Trip Report: Thursley (28 May)

Woodlark, by Jerry Norris

A brief check of the lake next to the Moat car park, our start point, provided no more than a few Mallard, but just 3 minutes into our walk we were treated to a family of Dartford Warblers feeding close to the path. Thankfully, the Common has recovered significantly from the effects of the fire two years ago, though there are still a few bare areas. On the first of such we saw the first of several sightings of Woodlark, finding insects in the short dry grass. They seemed oblivious to the 9 pairs of eyes watching them but we moved away to allow them to return to their nests. A little further along the sandy bridleway, a very active pair of Common Redstarts gave us excellent views. So within 15 minutes we had seen half of our “target” species

Stonechats were plentiful and often gave close views. In the distance, the first Hobby of the day quartered low over the marsh and a Buzzard circled high above us. On a roll, Clare asked if we could please find a Tree Pipit and Sandra requested if we could see if Colin was in residence. Colin is a semi-tame Cuckoo who has returned to the same perch in Parish Field for 7 years because photographers provide a plentiful supply of mealworm on a convenient perch. As none of us were exactly sure where Parish Field was, we chose a circuitous route and found a couple of very twitchable Tree Pipits, one of which proved his lineage with a “parachuting “ display. Hobby being the fourth, we had now seen 5 of our “target”. Colin was not on his usual perch on the field, so we dipped on our 6th and final “target”, but we did see a few stunning Speckled Yellow moths.

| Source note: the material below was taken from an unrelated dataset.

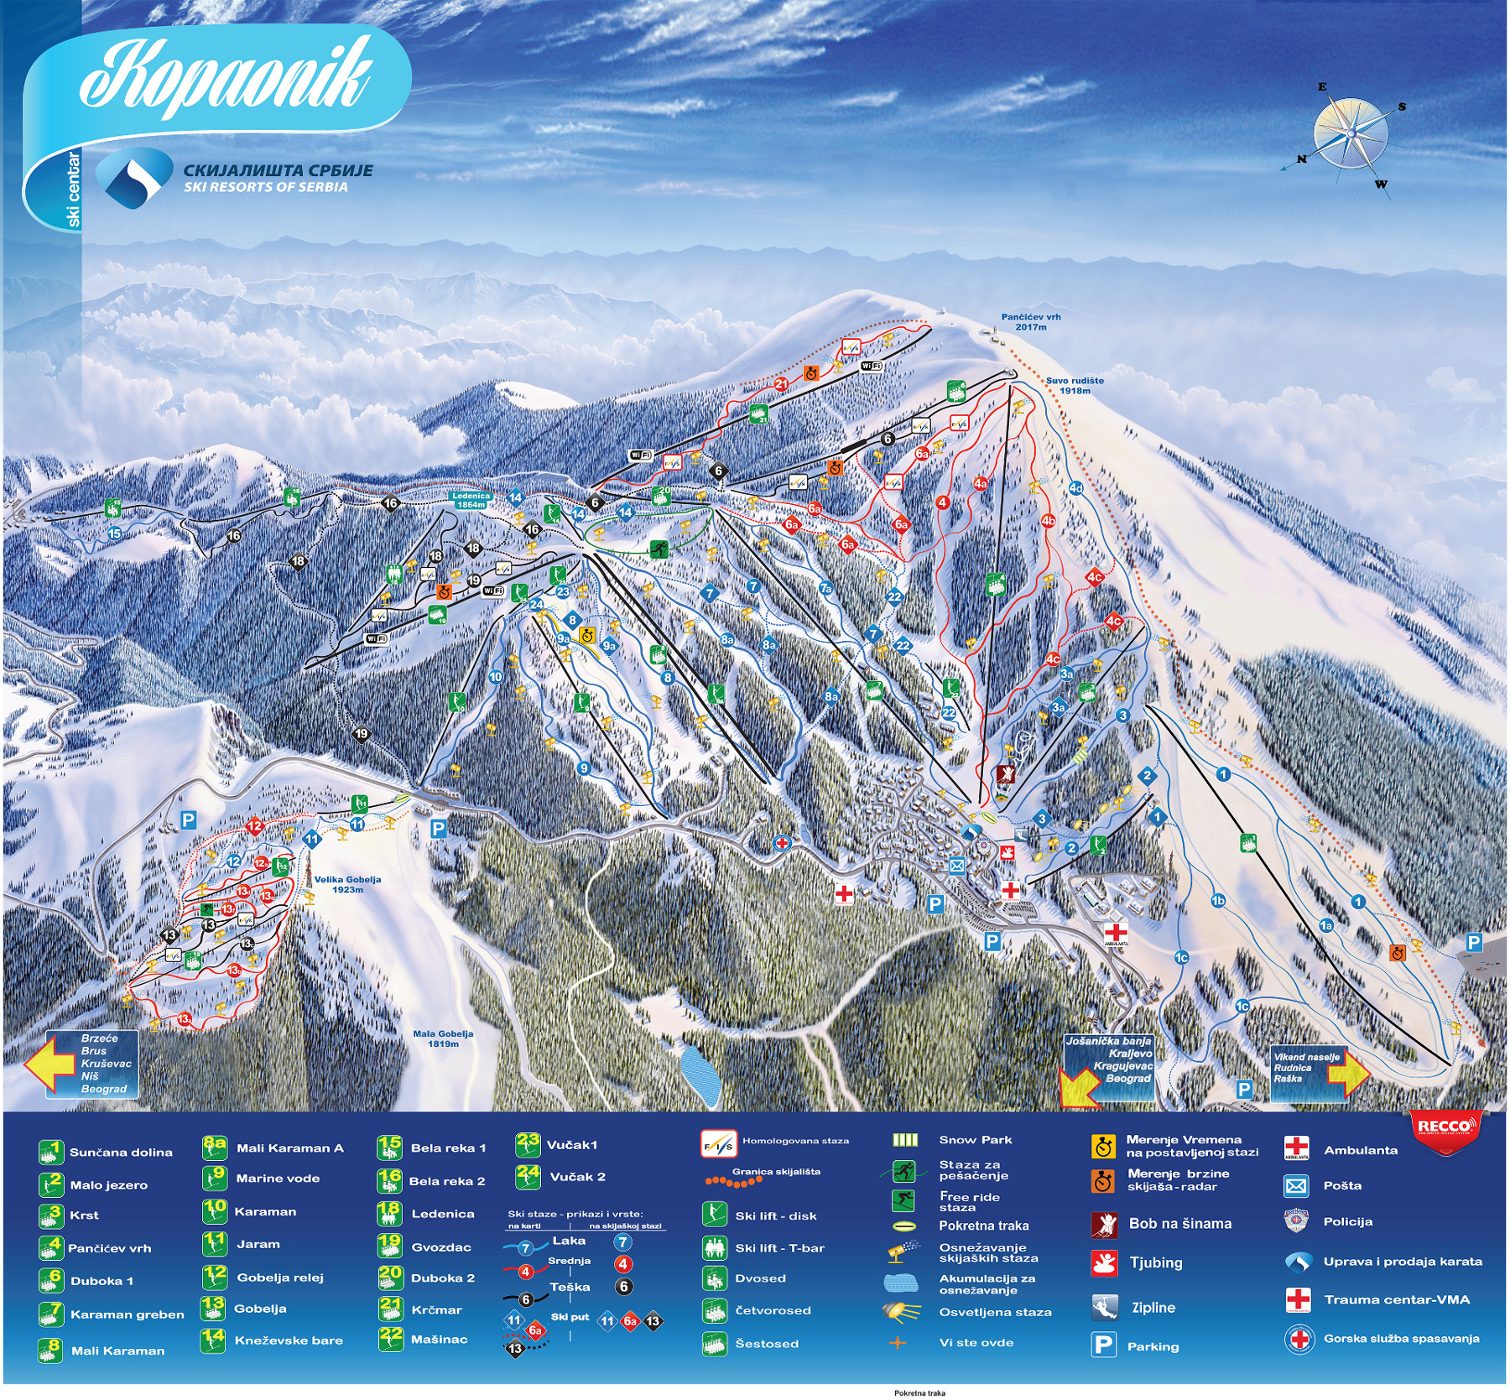 kopaonik mapa staza Mapa skijališta | Skijališta Srbije kopaonik mapa staza
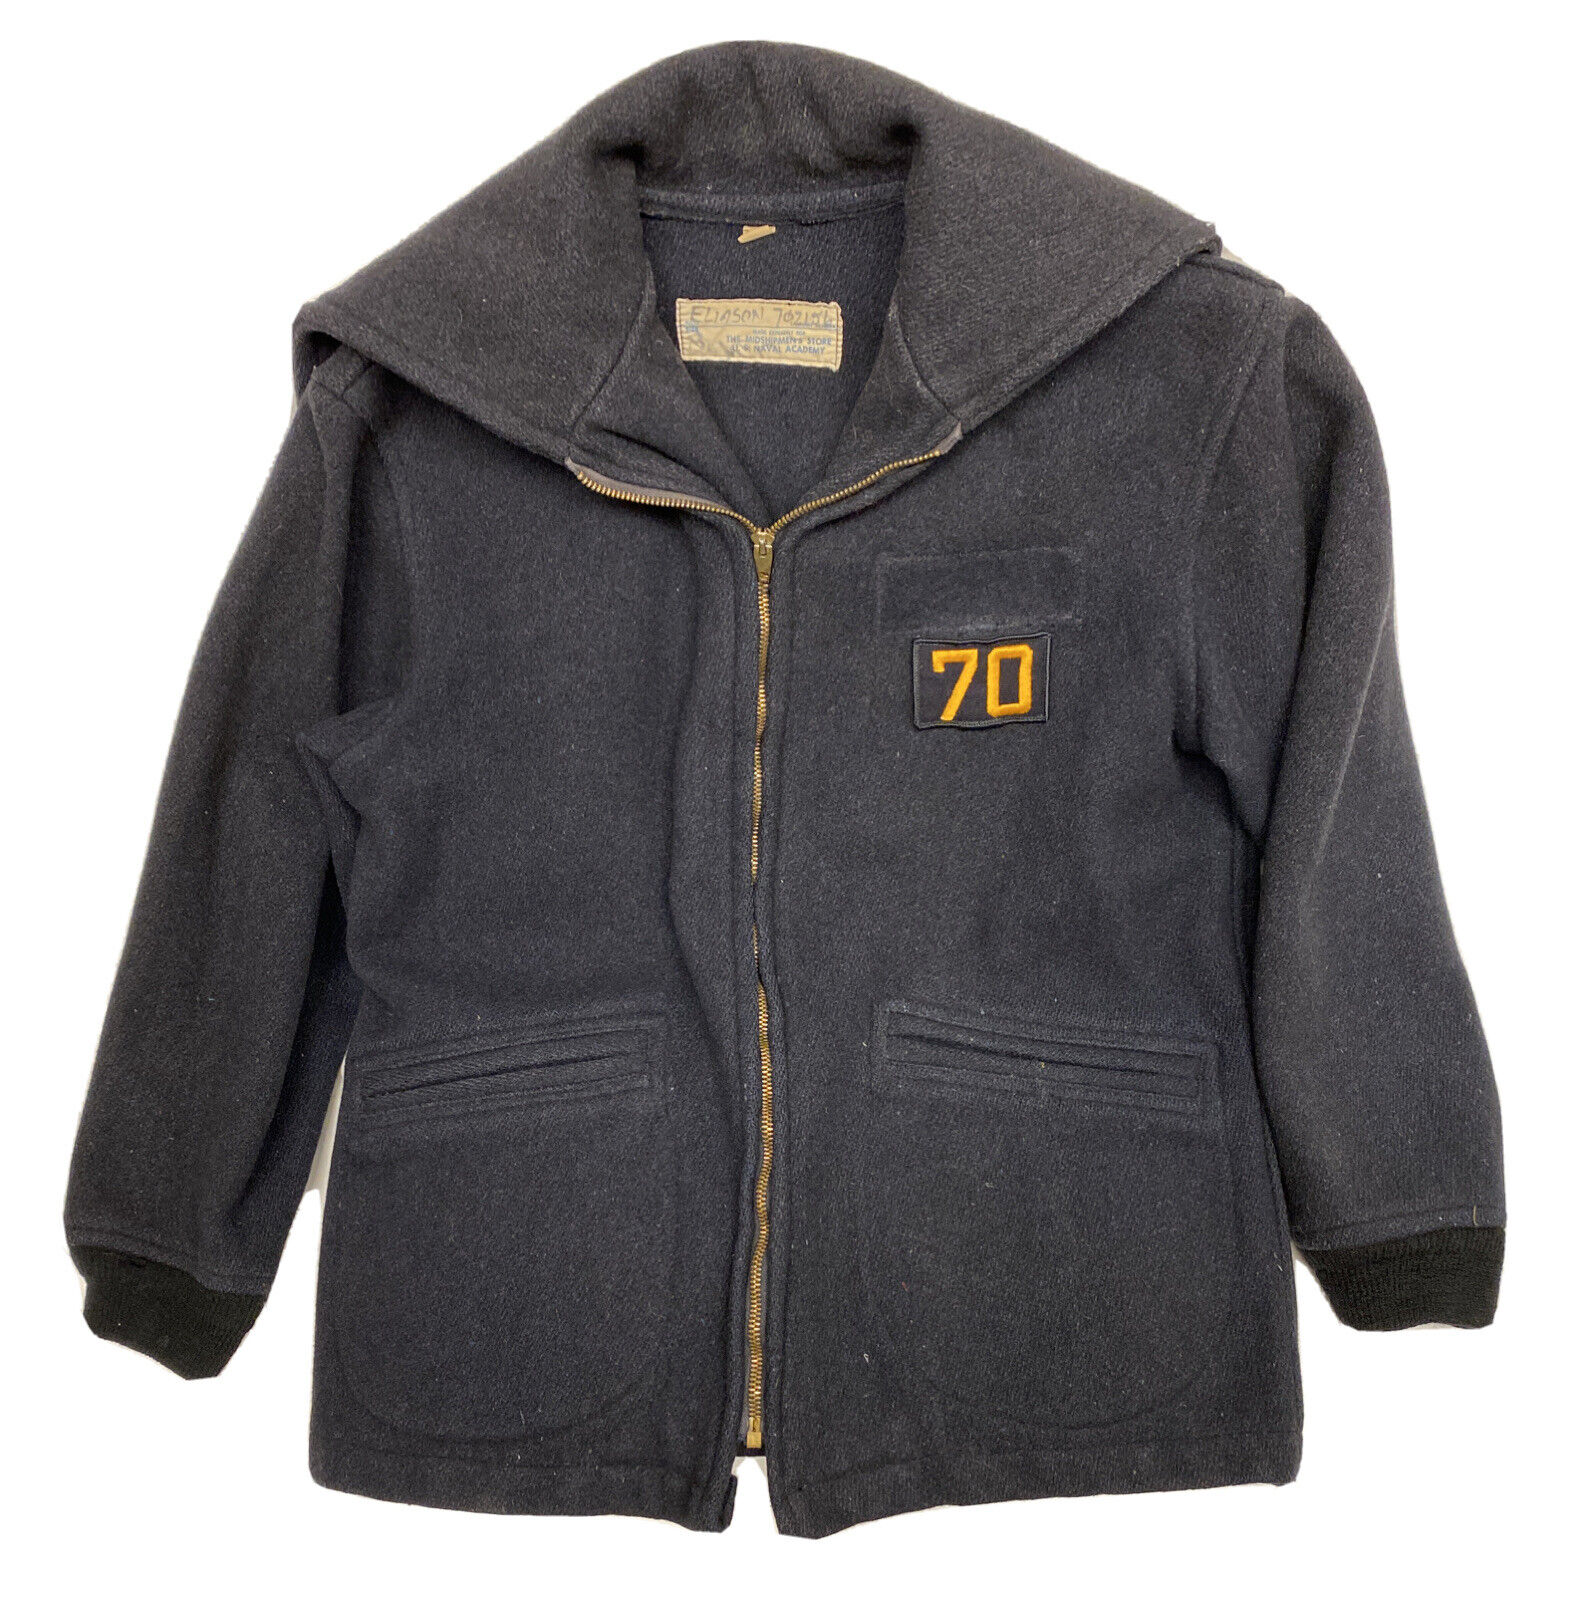 1970 Midshipman US Naval Academy USNA Wool Jacket men’s Size Medium Zip Hood

During a brief stop for sandwiches, first a male Redstart and then a Woodlark foraged for their lunches very close by. Moving away, we only had a brief glimpse of a Red Kite as it drifted overhead but a perching Buzzard was a great subject for our photographers. We headed into the marsh on the partially replaced boardwalk and it was great to see that lizards had not only returned but were very approachable. Two Hobbies chased Dragonflies nearby and a Kestrel made an appearance.

Still no sightings of Colin or any of his kin but one was heard by a few of the group. We had walked just a small portion of the Common but seen a wealth of great birds, the weather gods had been with us and we headed home very contented, 3 of us via a highly recommended cafe in Elstead.